▶ _How to complete this task_
The answer should consist of the full listing below, repeated exactly and free of pictures.

▶ _Recorded information_
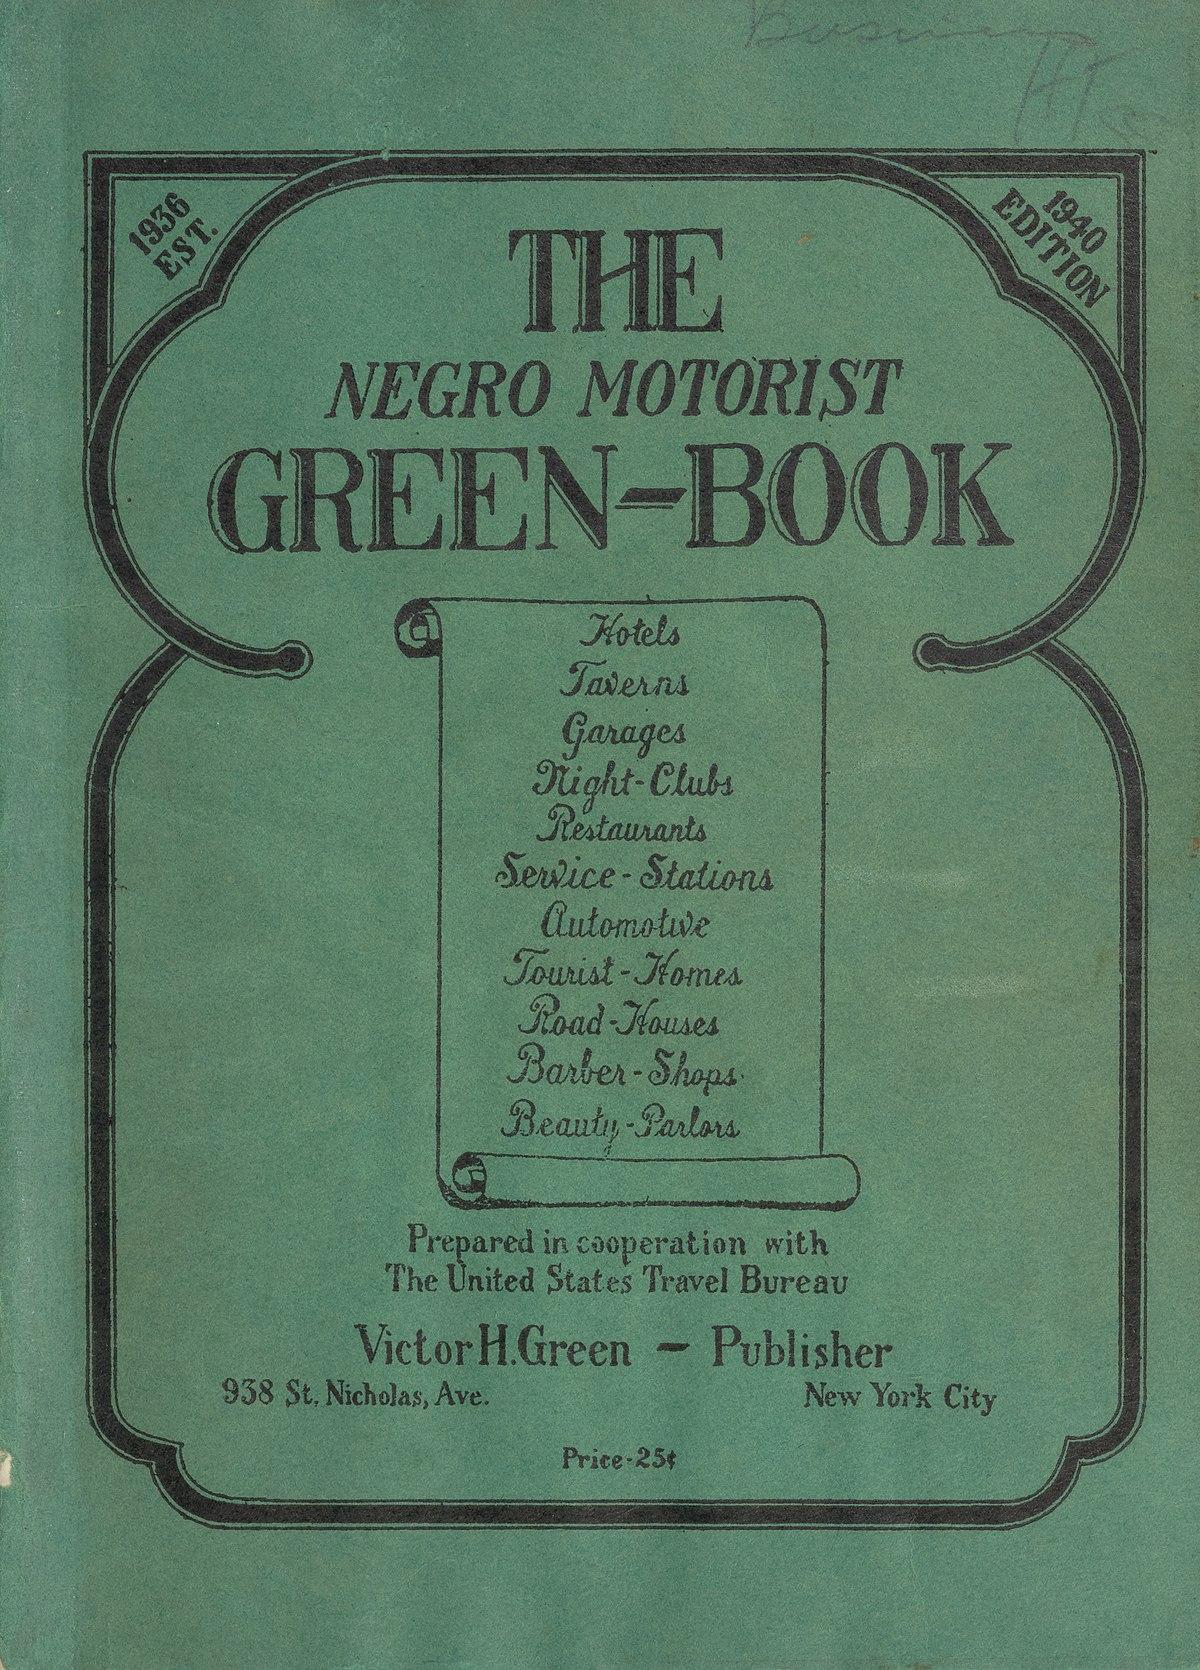 The Negro Motorist Green Book - Wikipedia
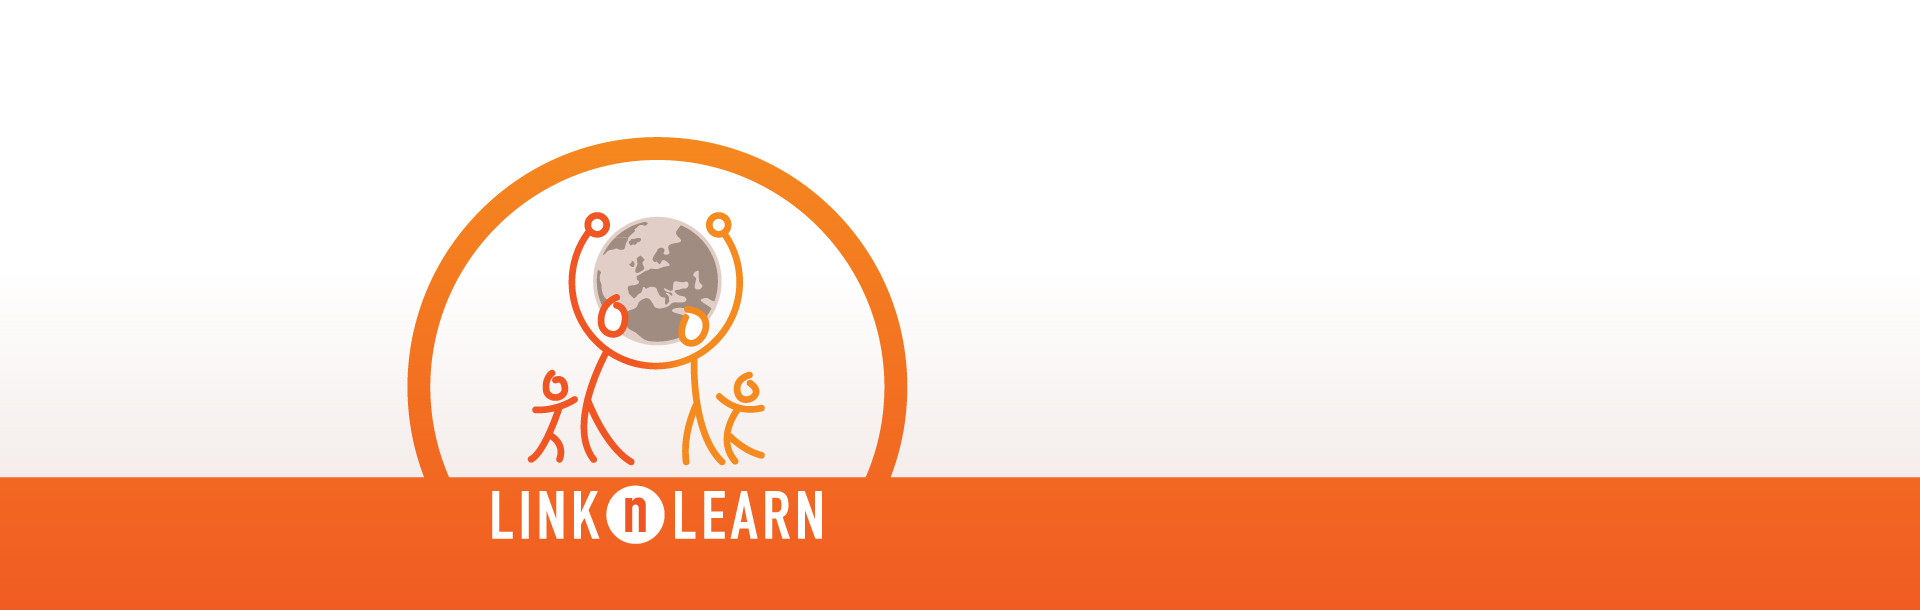 Link N Learn - Banner 1-1
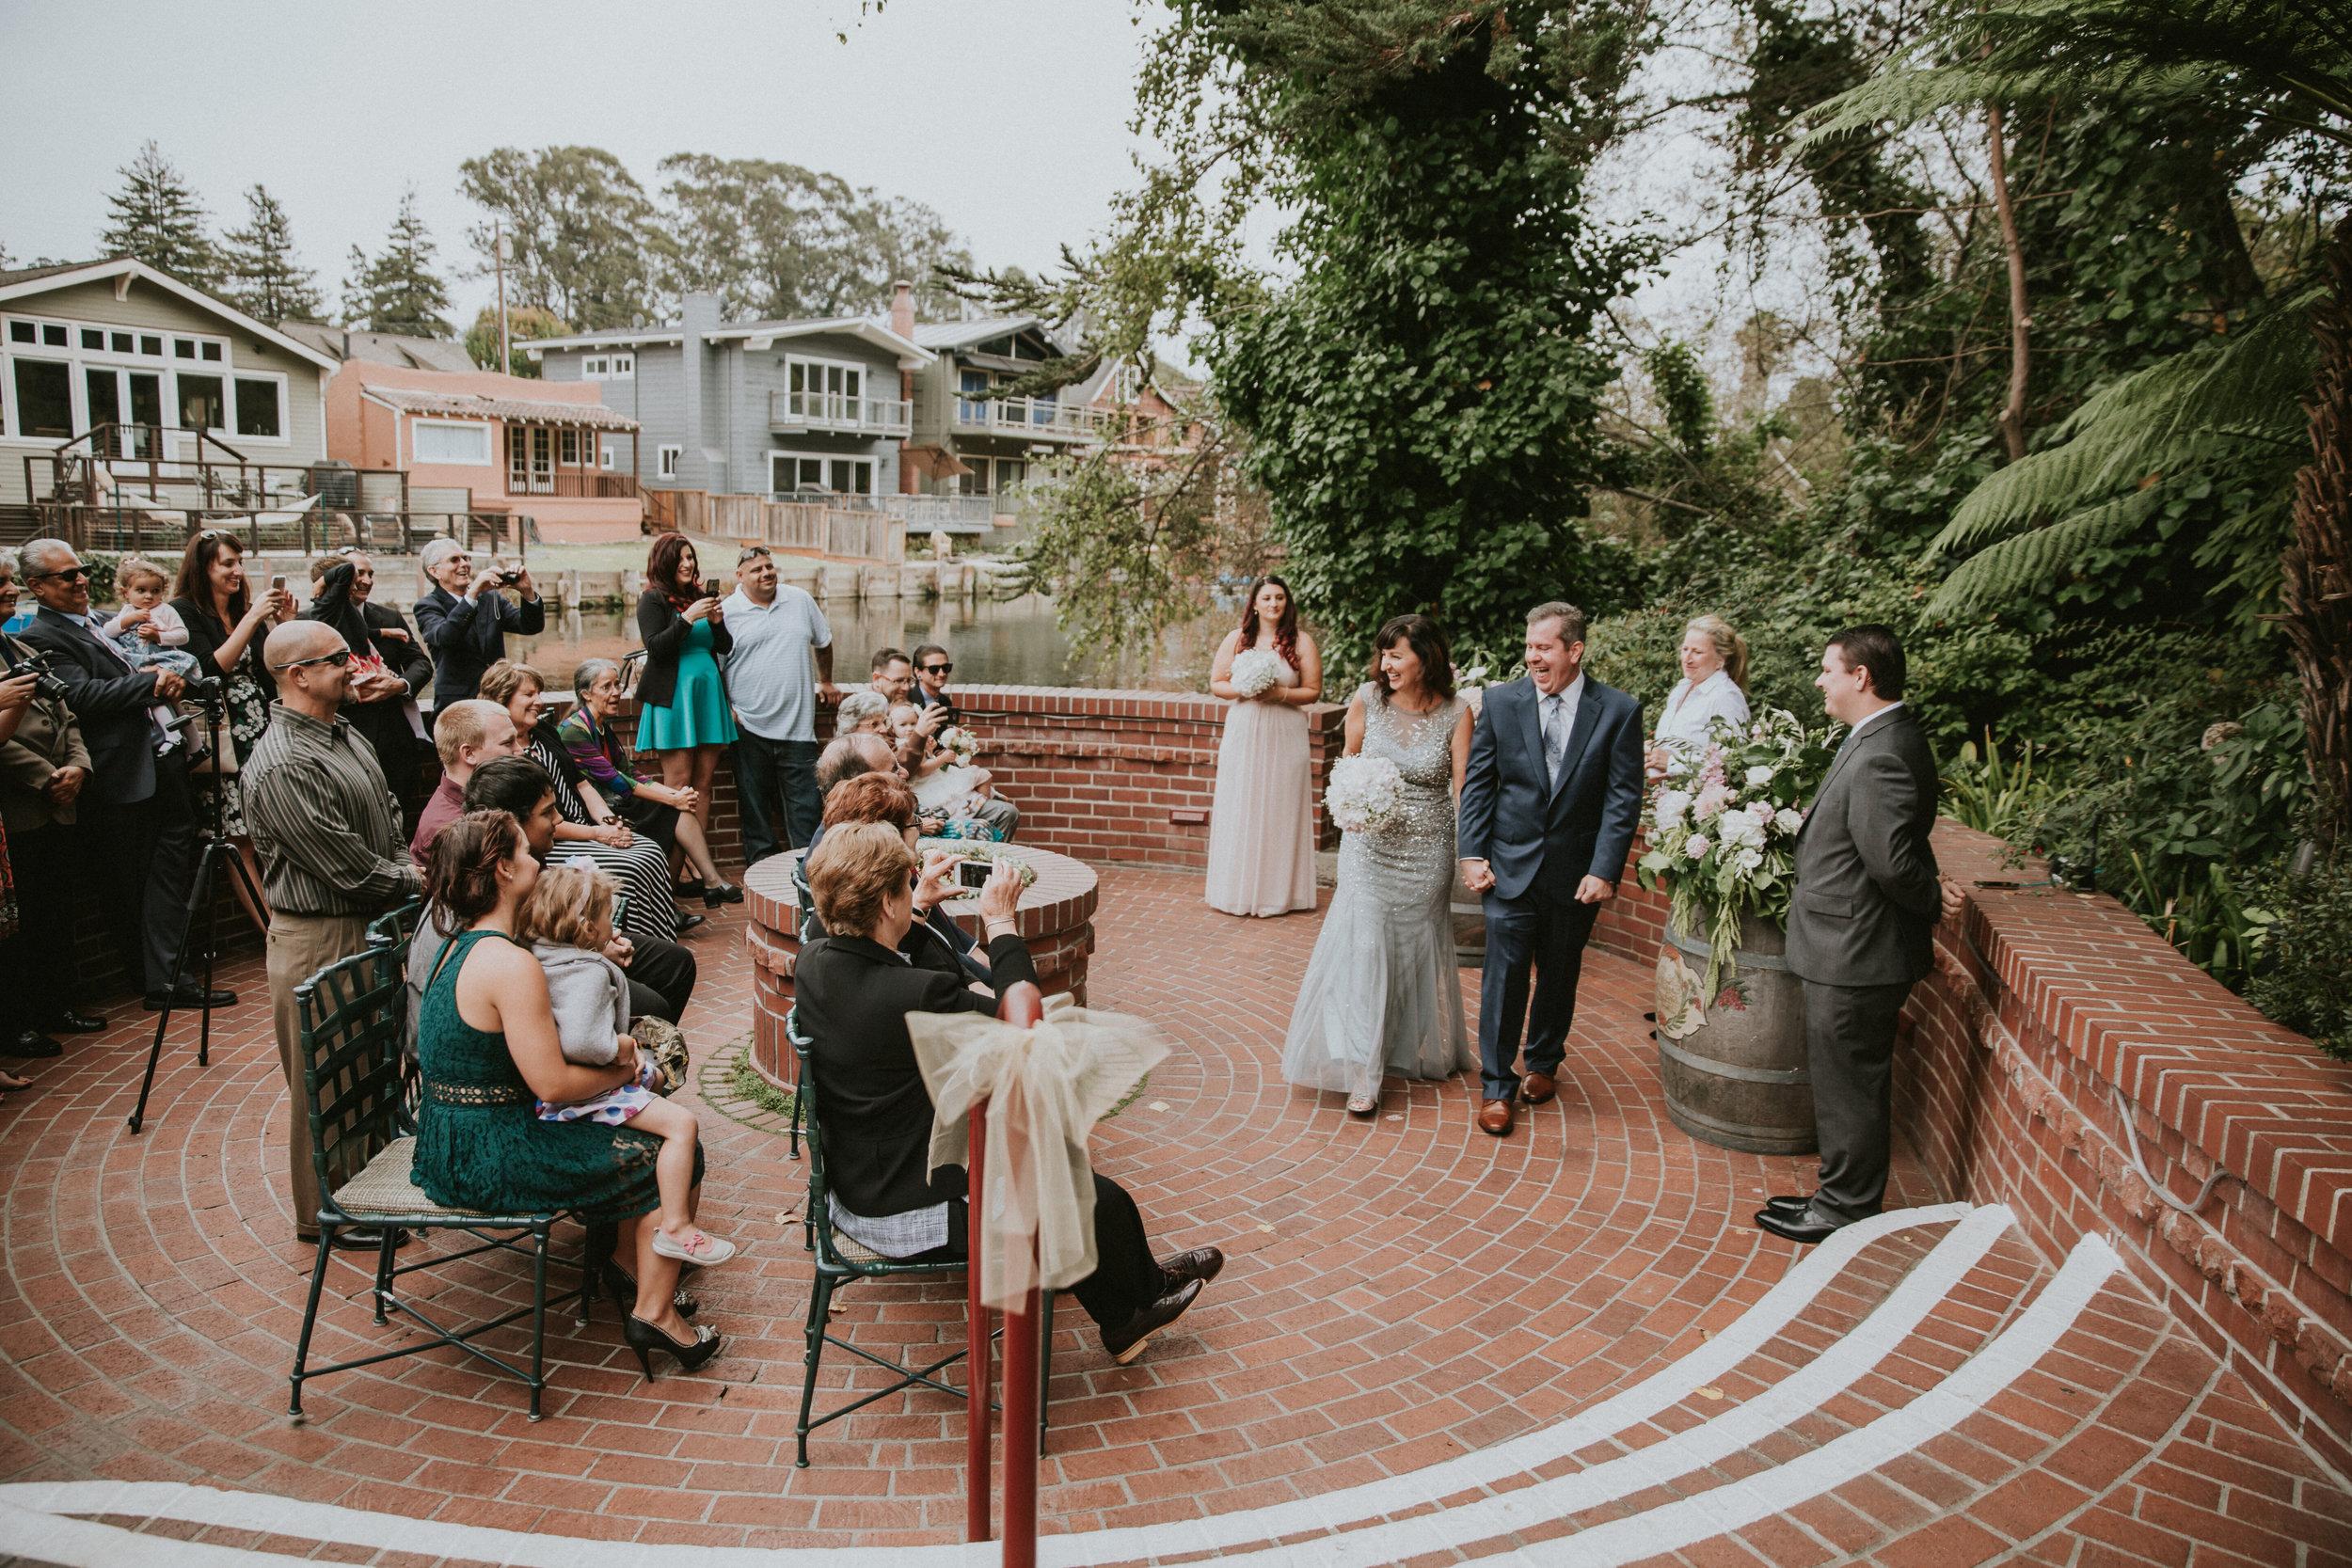 Capitola-Santa-Cruz-wedding-photographer-219.jpg

▶ _Reply_
 The Negro Motorist Green Book - Wikipedia
 Link N Learn - Banner 1-1
 Capitola-Santa-Cruz-wedding-photographer-219.jpg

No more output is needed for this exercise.